I have developed a code to check the health of multiple IS from a single IS via remote invoke.
All the servers to be monitored are defined as ‘Remote Servers’ on the monitoring IS.
Monitoring is defined for below on the monitoring IS,
Monitors all Integration Servers status
Monitors all JDBC, SAP & MQ adapter connection status
Monitors all JDBC, SAP & MQ listener status
Monitors the queue length of all clients
Monitors the connectivity to Broker from IS
Monitors all broker servers
Monitors all file polling ports
Monitors both Memory & Thread usage on all Integration Servers
Schedule tasks on all Integration Servers
Monitors Broker/Local Triggers on all Integration Servers
Monitors the trigger throttle settings on all Integration Servers
All these monitoring activities run fine individually.
The problem arises when these are scheduled to run at specific intervals.
The schedule tasks run fine for couple of hours and then end up in error as below.
java.lang.OutOfMemoryError:unable to create new native thread
Memory initially assigned to the monitoring IS was 256.
As I encountered this error, I changed the memory to 1024 by changing the server.bat as below. But still the error was the same. After some time IS does not respond and shuts down.
set JAVA_MIN_MEM=1024M
set JAVA_MAX_MEM=1024M
set JAVA_MAX_PERM_SIZE=128M
Thread usage was well within the limit during this process.
If anyone has encountered this type of error, could you please share your thoughts.
I did not increase the memory but increased the number of threads (min 100 and max 500)
And when debugged, I noticed both memory and threads are not the reason for the error.
Below are the debug logs.
2015-07-22 14:07:00 CEST [ISP.0090.0004C] Monitor – Available Memory 90 % (932440 KB) ; Available Threads 99 % (496 Threads)
2015-07-22 14:07:00 CEST [ISP.0061.0003I] Established new remote connection to (Remote Server Name) for user Administrator
2015-07-22 14:07:00 CEST [ISP.0090.0004C] Monitor – Ping OK
2015-07-22 14:07:00 CEST [ISP.0090.0004C] Monitor – Available Memory 90 % (932372 KB) ; Available Threads 99 % (496 Threads)
2015-07-22 14:07:00 CEST [ISP.0061.0003I] Established new remote connection to (Remote Server Name) for user Administrator
2015-07-22 14:07:00 CEST [ISP.0090.0004C] Monitor – Ping OK
2015-07-22 14:07:00 CEST [ISP.0090.0004C] Monitor – Available Memory 90 % (932126 KB) ; Available Threads 99 % (496 Threads)
2015-07-22 14:07:00 CEST [ISP.0061.0003I] Established new remote connection to (Remote Server Name) for user Administrator
2015-07-22 14:07:00 CEST [ISP.0090.0004C] Monitor – Ping OK
2015-07-22 14:07:00 CEST [ISP.0090.0004C] Monitor – Available Memory 90 % (931840 KB) ; Available Threads 99 % (496 Threads)
2015-07-22 14:07:00 CEST [ISP.0090.0004C] Monitor – Ping not OK - unable to create new native thread
2015-07-22 14:07:00 CEST [ISP.0090.0004C] Monitor – Available Memory 89 % (930473 KB) ; Available Threads 99 % (496 Threads)

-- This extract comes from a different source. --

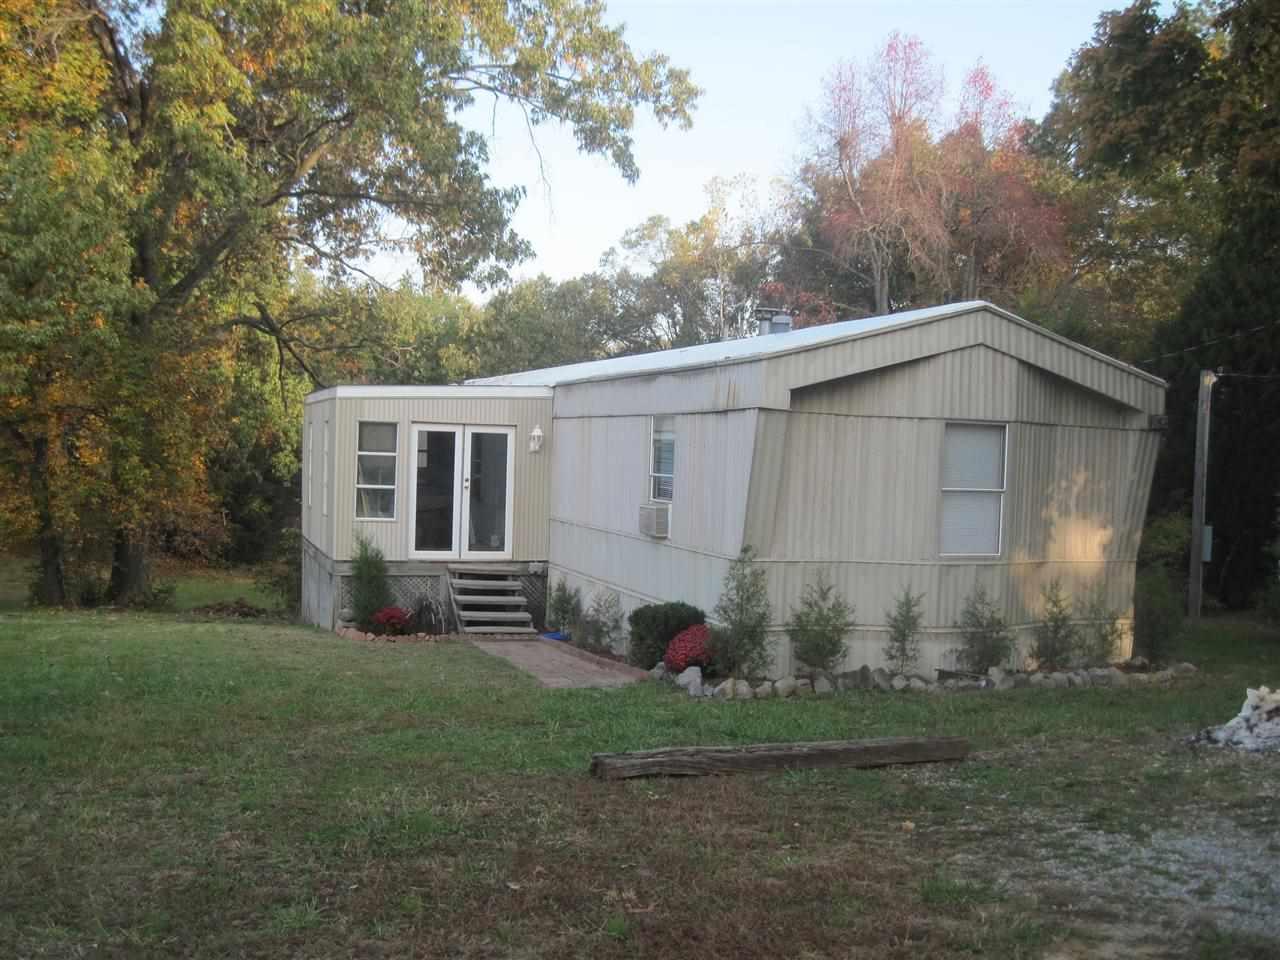 Real Estate for Sale, ListingId: 30342277, Gilbertsville,KY42044

2015-07-22 14:07:00 CEST [ISP.0090.0004C] Monitor – Ping not OK - unable to create new native thread
2015-07-22 14:15:02 CEST [ISP.0090.0004C] Monitor – Available Memory 26 % (275628 KB) ; Available Threads 99 % (496 Threads)
2015-07-22 14:15:02 CEST [ISP.0090.0004C] Monitor – Ping not OK - unable to create new native thread
Looking at these logs, it seems that even though there is enough memory and threads, IS is not able to obtain a connection to the remote server.
Not sure why this is happening. Please share your comments.
While invoking a remote service make sure you drop all the input variables not required in the pipeline this will avoid loading up all the pipeline into memory for successive calls and also check vice versa for output variables you are receiving by remote call.
You can also restrict the scope of the pipeline variables by passing only the required ones.
And also check the Keep Alive Timeout and Max Keep Alive Connections settings in remote server configurations.Check if all the remote alias connections are cleaned up properly or if there are any IS threads running for all the remote server aliases created(ping threads).